# anyone use F&M numbers?



## miktoxic (Feb 21, 2008)

was thinking about ordering the two-color block numbers from F&M. i was wondering if anyone has used them, and if so, how do they hold up and is there that problem with the ghosting residue that people have complained about on their regular transfers? thanks!


----------



## charles95405 (Feb 1, 2007)

I have used F&M without problems...but that does not mean you won't have issues. Most often the problems are operator errors like wrong temp/time/pressure and often lifting the press too quickly will cause ghosting in some transfers. When I am trying a new transfer company, I will order at least 2 more than I need and then cut those into quarters and do test press on scrap material like I am using


----------



## miktoxic (Feb 21, 2008)

i've done plastisol transfers before and they came out great. at that time i used howard sportswear and probably would use them again but they don't offer a screened plastisol number set, just vinyl, which i can do myself.
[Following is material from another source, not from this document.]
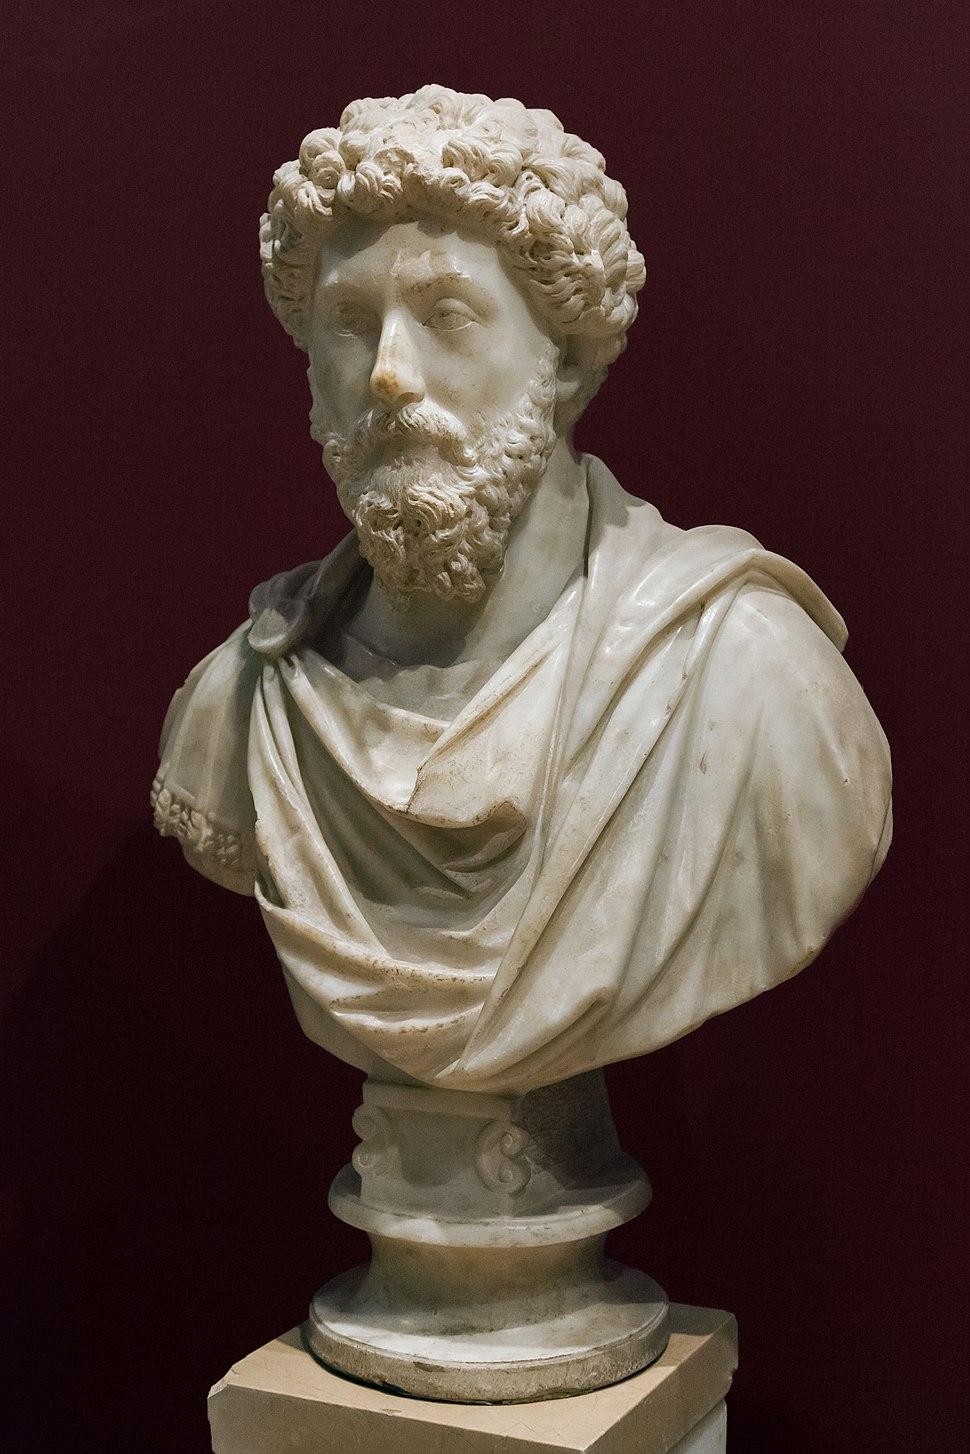 Marcus Aurelius bust Istanbul Archaeological Museum - inv. 5129 T

the reason i asked about f&m is that there was an issue talked about on a couple of previous threads about a clear 'glue' that was placed over the finished print which after transferring would leave a 'ghosting' or like visible ring around the design. just hoped someone could tell me about their number sets.


----------



## wormil (Jan 7, 2008)

I'm not sure what the deal is the the glue. I've asked several people if the glue is on custom transfers or just myidwear and no one has responded. I emailed F&M and asked them the same question - no answer. I think I even asked the F&M guy on the forums and never got an answer. Maybe I'll break down and call them tomorrow and ask because I'm not having good luck with other companies right now.


----------